Government Senator Don Wehby, has reiterated his call for the Government to implement measures that will ensure that the country’s US$1 billion (J$155 billion) annual food import bill is cut in half by 2030.
“We need to create the policies, the environment and incentives to achieve this objective. This will require investing heavily in agriculture and agro-processing by ensuring our farmers have good crop insurance and technical training to mass produce certain crops.
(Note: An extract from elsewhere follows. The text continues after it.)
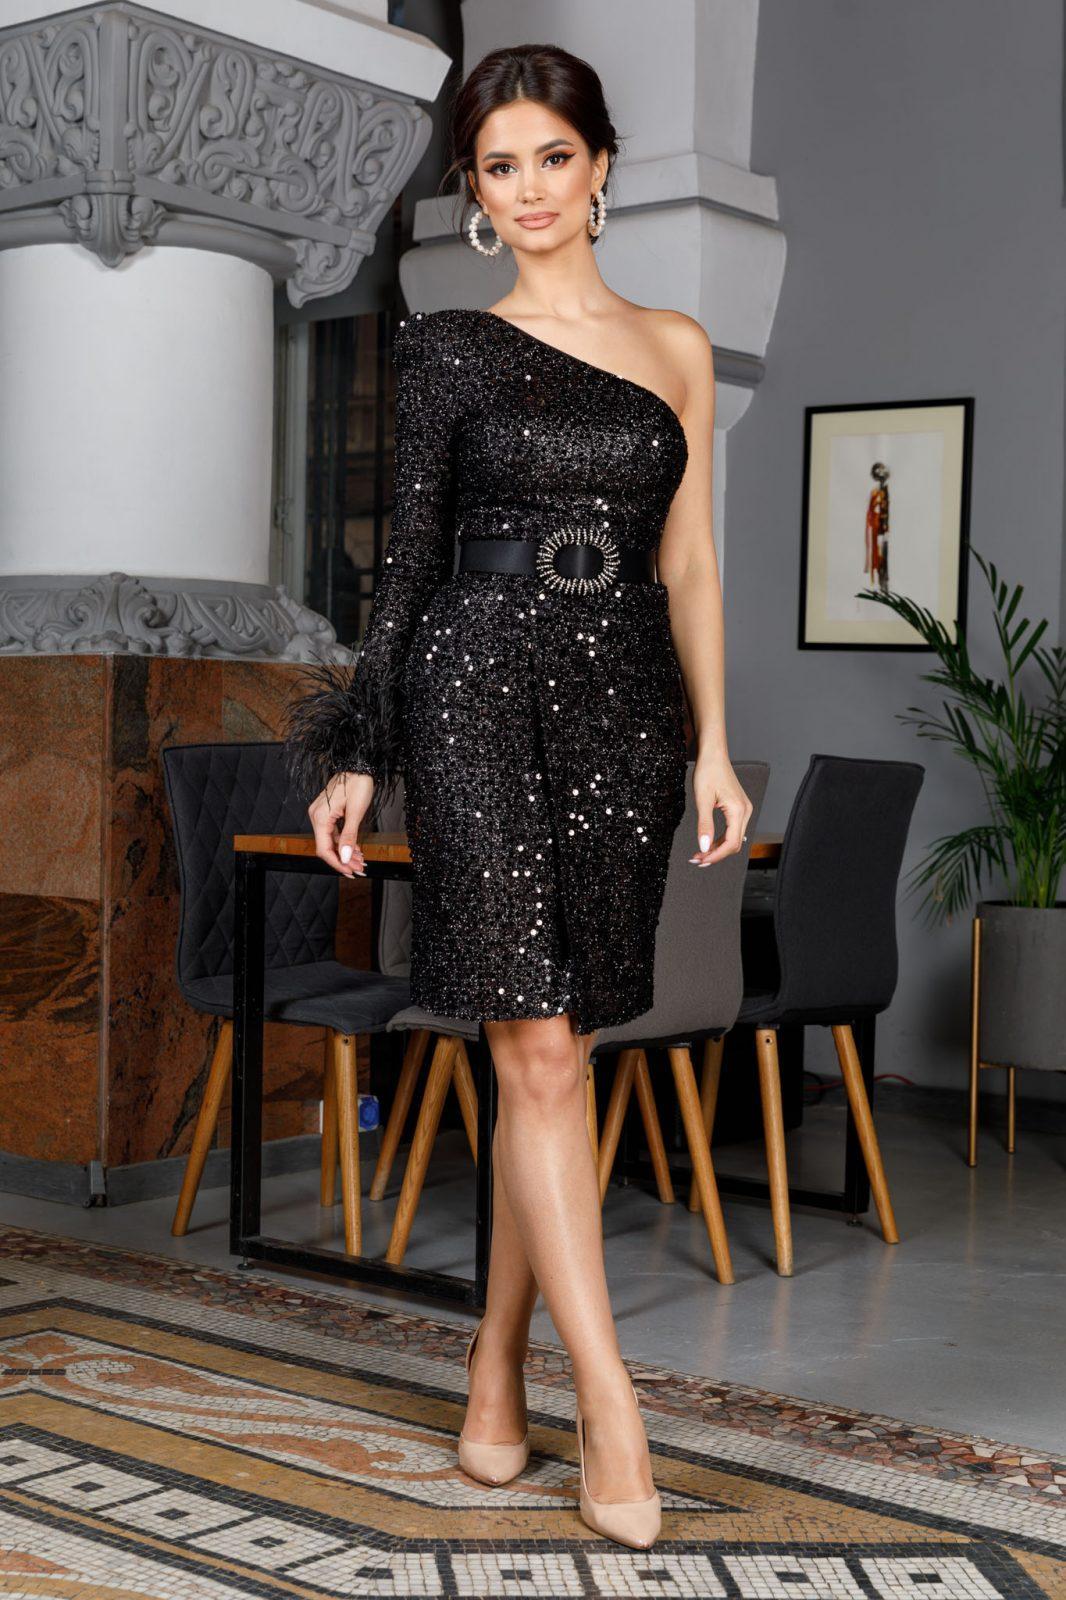 Karolyne Black Dress

Our farmers need the support to access technical training and to think big and think new technology, and processes, and they need access to credit to increase their productivity through mass production of certain crops,” Wehby said.
He was speaking in the Senate on Friday, during his contribution to the debate on the Agricultural Loan Societies and Approved Organisations Regulations, 2021.
Wehby, the Chief Executive Officer of food conglomerate, GraceKennedy, expressed that the regulations that will guide the principal Act “will provide that support”.
He noted that Jamaica’s food import bill was US$1 billion in 2019 and $900 million in 2020 with 44 per cent of those imports coming from the United States in 2019 and 32 per cent from the same country in 2020.
“So, over the two-year period not much has changed,” he lamented.
“Although the legislation has taken a long time in coming it is more important than ever for us to have it in place to support the operation of the primary legislation. Taken together the Act and the regulations will be one of several initiatives to enhance the country’s economic recovery from the COVID-19 pandemic and support the growth of the agriculture sector,” he said.
Wehby shared that he strongly believes in the ability of the sector to spur economic growth and enhance food security while contributing to poverty reduction.
“To achieve these goals our agriculture sector must be robust and modernised to first world standards. This requires increasing production in agriculture through raising productivity levels through comprehensive training of our farmers, prioritising our small farmers so they can become big one day, and creating sustainable value-added food products,” said Wehby.
The government senator said priority must be placed on increasing exports of produce, including mangoes, breadfruit, processed ackees and sweet potatoes.
“I am seeing where there is a demand for processed green jackfruit. The Jamaica brand is very strong, and we must leverage it so the whole country can benefit,” he told the Senate.
Additionally, Wehby said steps must be taken to modernise the Agricultural Marketing Corporation to become a primary distribution and marketing agent for all farmers including for export. He also said private-public partnerships are crucial to the development of the sector.
coupled with other initiatives by the Ministry of Agriculture and Fisheries, will change the face of agriculture in Jamaica and enable us to reduce our US$1 billion food import bill and Caricom’s (Caribbean Community) US$5 billion bill.
“Jamaica can become a powerhouse in agricultural food exports,” Wehby added.